This is the last scene from a dream I had earlier this week: In the dream I was running along a path through a forest at night. At first I was walking but then when I started to run my body separated from this white phantom self which was also me, which had been in my body and was now walking behind as I ran further ahead.
I do not know what preceded this scene but upon noticing my “other” interior self I woke up.
Concept: separation between my two selves.
Upon waking I had several specific impressions associated with the dream.
First, I thought about the power of an integrated life. That is, life in which we are whole, our spiritual and physical manifestations fully in sync.
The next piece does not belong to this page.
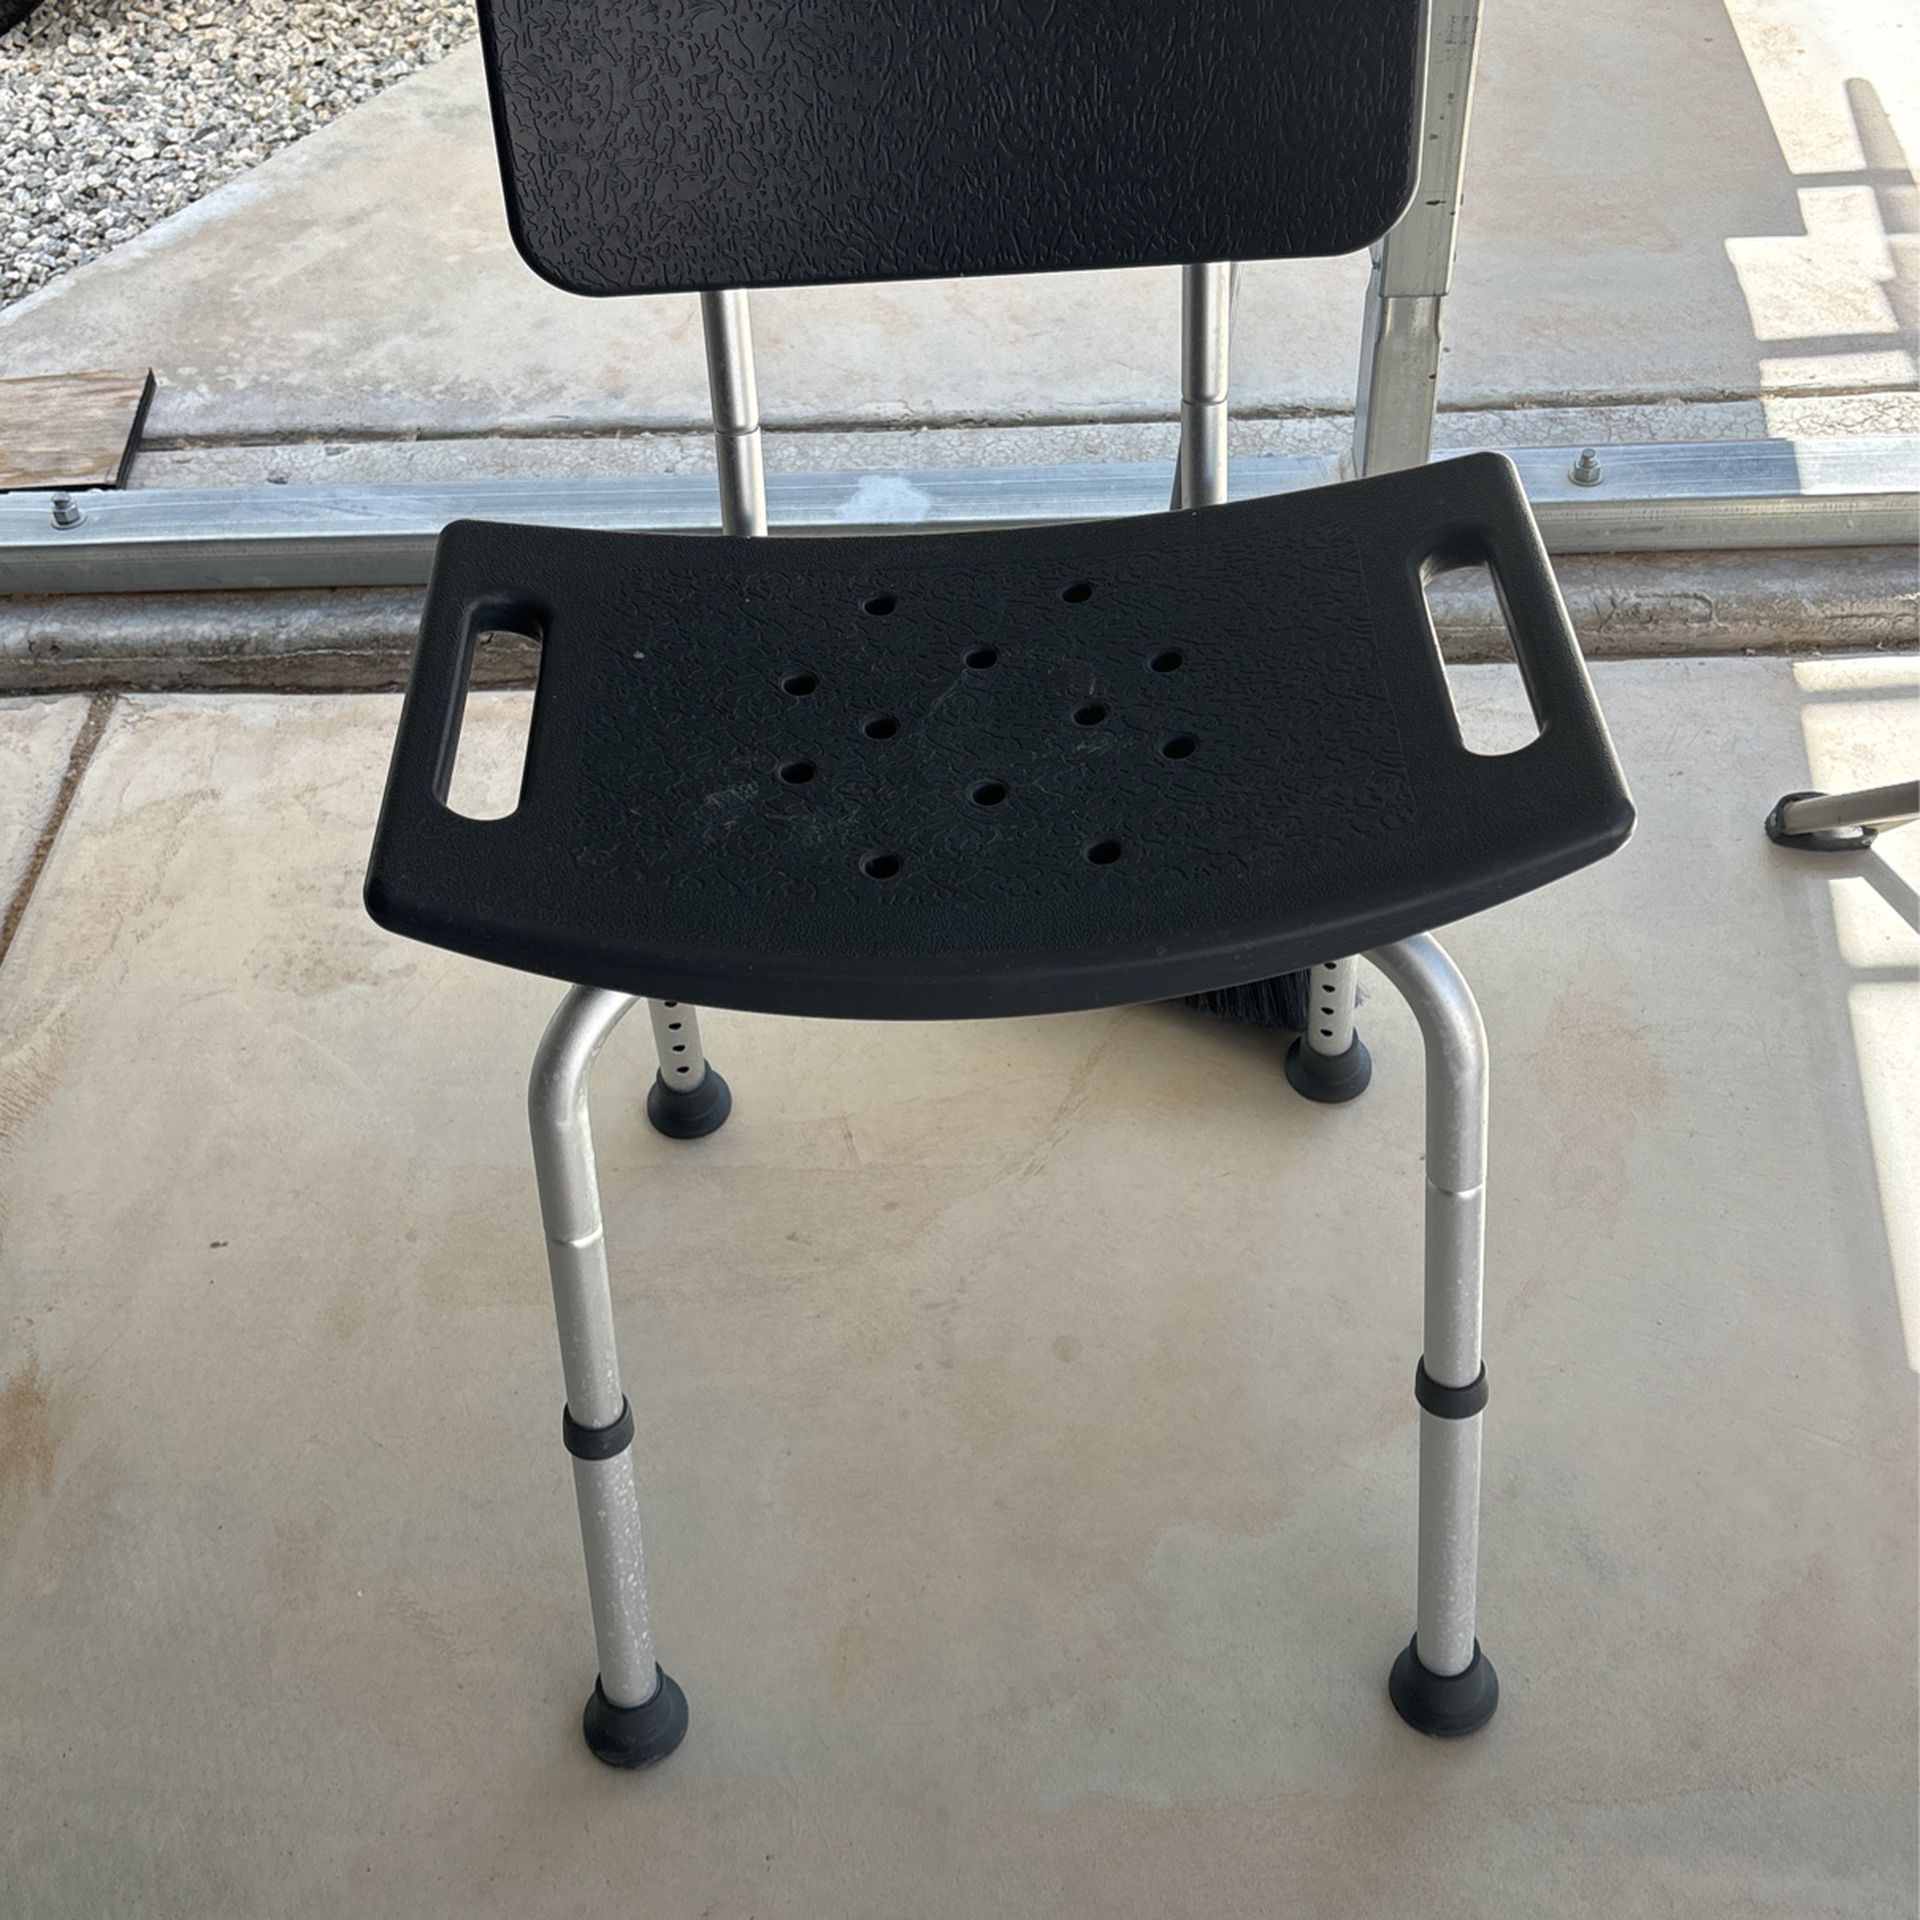 REDUCED PRICE Shower Chair

There was a sense in which I myself was more powerful when walking and whole than when running and split.
Second, I somehow had an understanding that running ahead was a mistake.
“Don’t run ahead, go slow.” The implication being that when we walk instead of run, we’re more “in the flow.”
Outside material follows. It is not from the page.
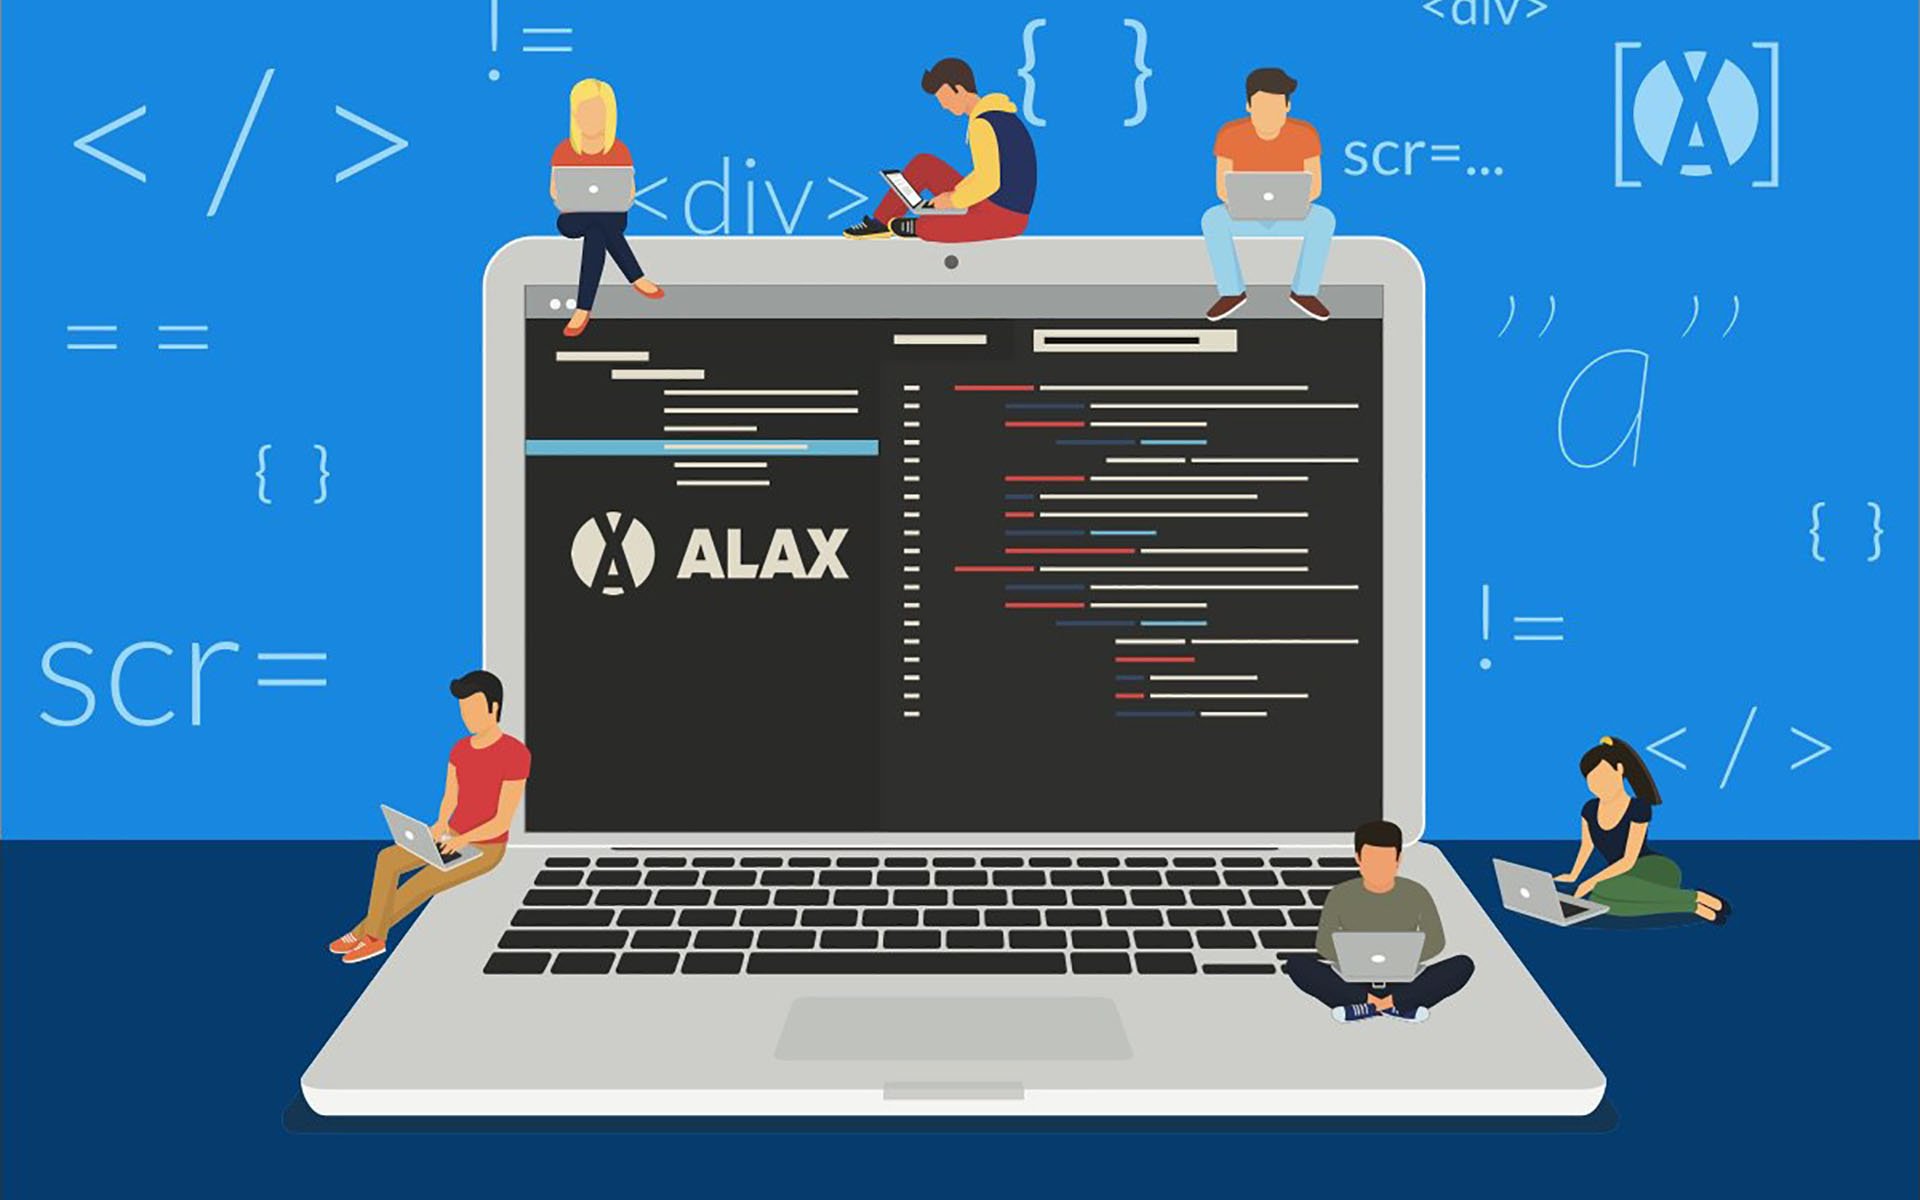 ALAX Presents Advantages for Game Developers

Third, I had this thought also: Instead of chasing life, let life come to you.
Am I running too hard? Running too fast? Trying to do too much?
Often our dreams draw their symbols from experiences we’ve recently had during the day. In this case it may be that I was corresponding with someone about the writings of Karen Horney. Horney was Sigmund Freud’s eighth student and first female student.
In her own studies of neurosis she postulated that a root cause of much of our anxiety is a neurotic split between our idealized self and real self. The greater the divide, the more anxiety. As she notes, “Though his self-inflation may be most obvious to an untrained observer, the neurotic is not aware that he is idealizing himself.” (Our Inner Conflicts, p. 97)
This idealization can take many forms. Beauty, power, intelligence, genius, saintliness and honesty are just a few of the examples she cites. This idealization becomes a substitute for realistic self-confidence and realistic pride.
Not an attempt here to get too deep into the psychology, but it’s interesting that these thoughts preceded the dream and subsequently followed as well.
Just Thinking… of a Series of Dreams
“I’d already gone the distance just thinking of a series of dreams.”
I began keeping a dream diary in seventh grade. It seemed like the subconscious nocturnal activity was more interesting than my real life. Dreams can often be quite fascinating.